A similar bimodal pattern of sensitivity to MEDI3039 was observed in a panel of 18 colorectal cancer patient-derived xenografts (PDX) treated with single-agent MED3039 (Fig. 4A; Supplementary Table S13). Nine of the 18 models could be classified as Responders based on percentage change tumor volume decrease greater than 30% (n = 9 compared with baseline following treatment with MEDI3039), 4 models as partial/minimal response (tumor volume decrease between 5% and 30%, n = 4), and 5 models were classified as nonresponders (tumor volume increase >5%, n = 5; Fig. 4A and B; Supplementary Fig. S4).

Figure 4.

Figure 4. In vivo expression of CASP8 and CFLAR (FLIP) modulate response to MEDI3039 in PDX models. A, Change in percent tumor growth from baseline was measured at day 18 in 18 CRC PDX models treated with a fixed dose of MEDI3039. B, Tumor plots of responder, nonresponder, and partial response models. x-axis, days; y-axis, tumor volume. Arrows indicate treatment with MEDI3039. Red line, MEDI039-treated mice; blue line, untreated mice. C, Tumor CASP8 mRNA expression in PDX nonresponders (red) and responders (blue) with MEDI3039 (each circle represents a tumor from a single mouse). D, Comparison of CASP8:CFLAR ratio in MEDI3039 responder (blue) and nonresponder (red) PDX models.

In vivo expression of CASP8 and CFLAR (FLIP) modulate response to MEDI3039 in PDX models. A, Change in percent tumor growth from baseline was measured at day 18 in 18 CRC PDX models treated with a fixed dose of MEDI3039. B, Tumor plots of responder, nonresponder, and partial response models. x-axis, days; y-axis, tumor volume. Arrows indicate treatment with MEDI3039. Red line, MEDI039-treated mice; blue line, untreated mice. C, Tumor CASP8 mRNA expression in PDX nonresponders (red) and responders (blue) with MEDI3039 (each circle represents a tumor from a single mouse). D, Comparison of CASP8:CFLAR ratio in MEDI3039 responder (blue) and nonresponder (red) PDX models.

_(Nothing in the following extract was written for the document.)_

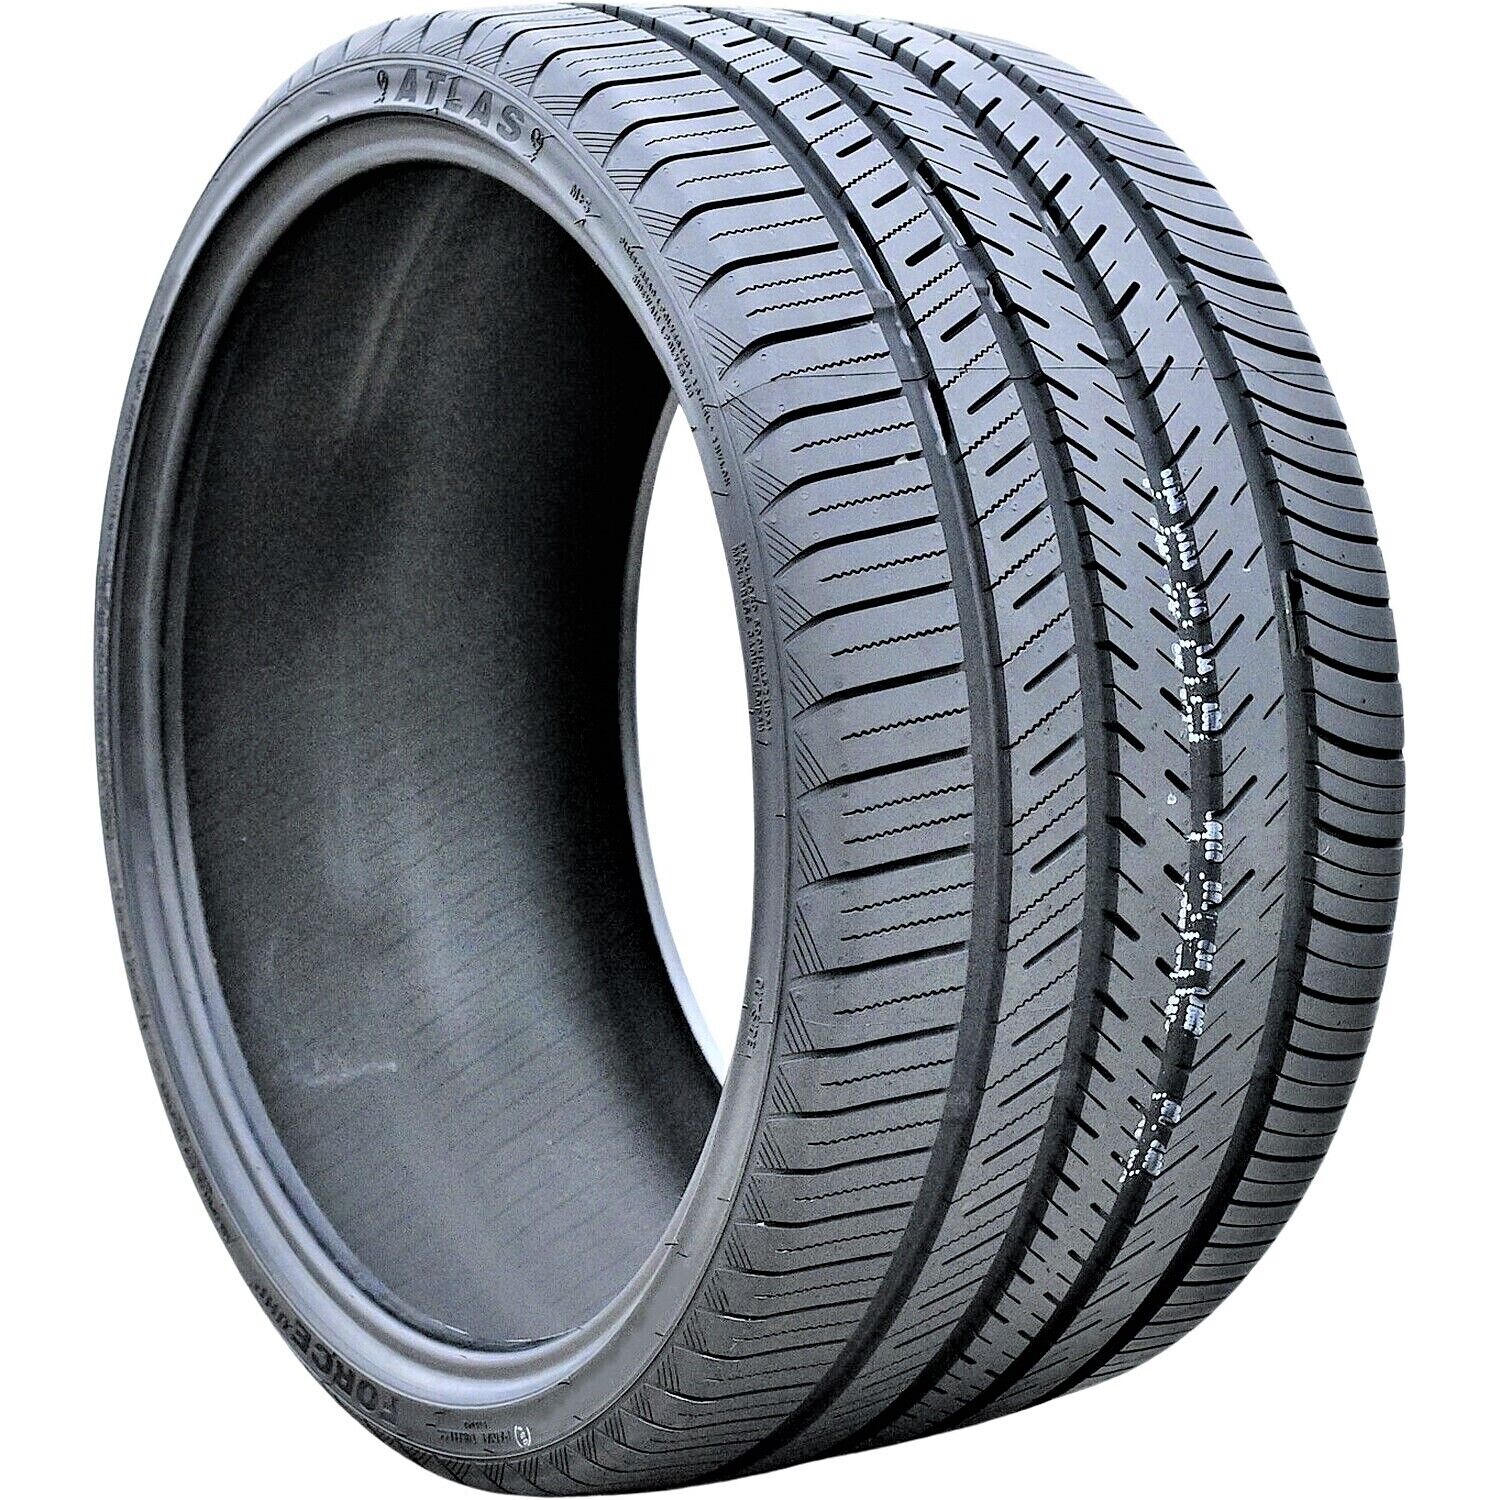 Tire Atlas Force UHP 275/25R28 99W XL A/S Performance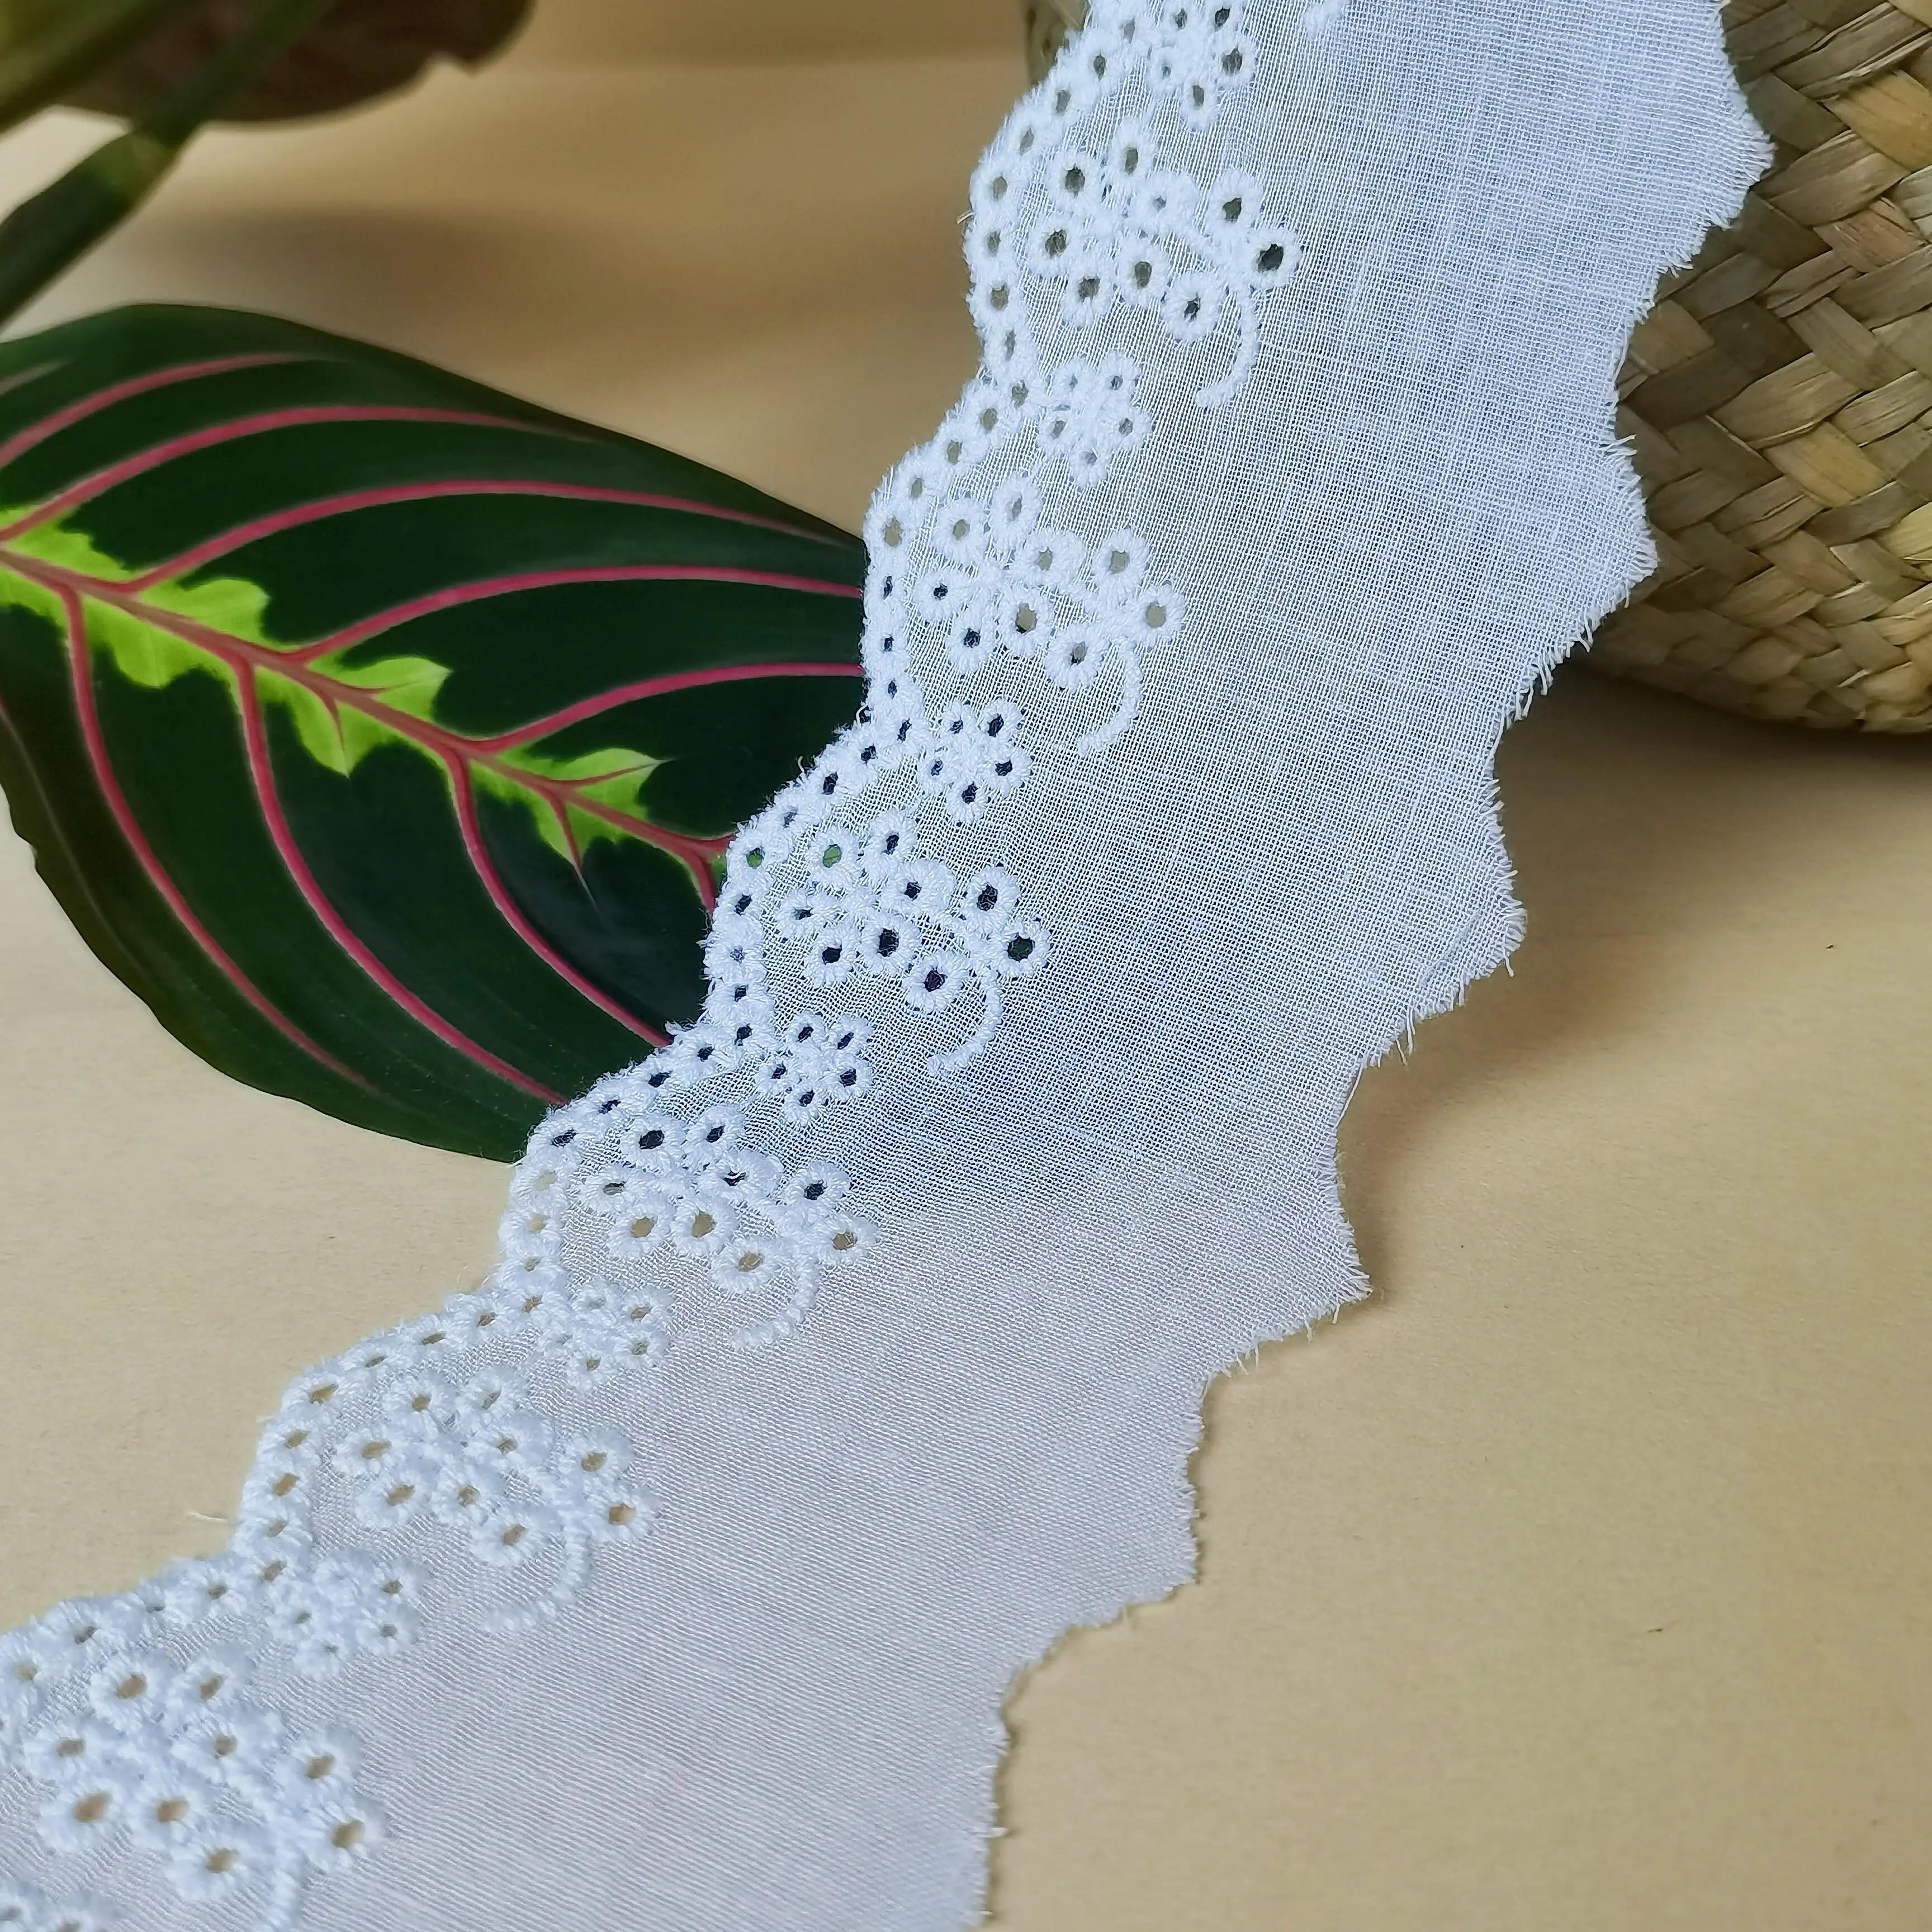 Wholesale High Quality 100% White Cotton Lace Trim Fabric Narrow Eyelet Embroidered Heart Shape Lace for Wedding Clothes

In keeping with the cell line results, no genetic biomarker of sensitivity or resistance was identified, whereas analysis of gene expression data from the PDX models again revealed a significant association between response to MEDI3039 and higher relative levels of CASP8 mRNA (as measured by several array probesets; Fig. 4C; Supplementary Table S14). The significance of this association was increased when the CASP8:FLIP mRNA ratio was used (P = 0.027; Fig. 4D), further supporting the potential of this ratio as a predictor of response to second-generation TRAIL-R2 agonists. A similar significant correlation between the CASP8:MCL-1 mRNA ratio and response was observed in these CRC PDX models (Fig. 3E), with a differential pattern of sensitivity likely driven by CASP8 levels.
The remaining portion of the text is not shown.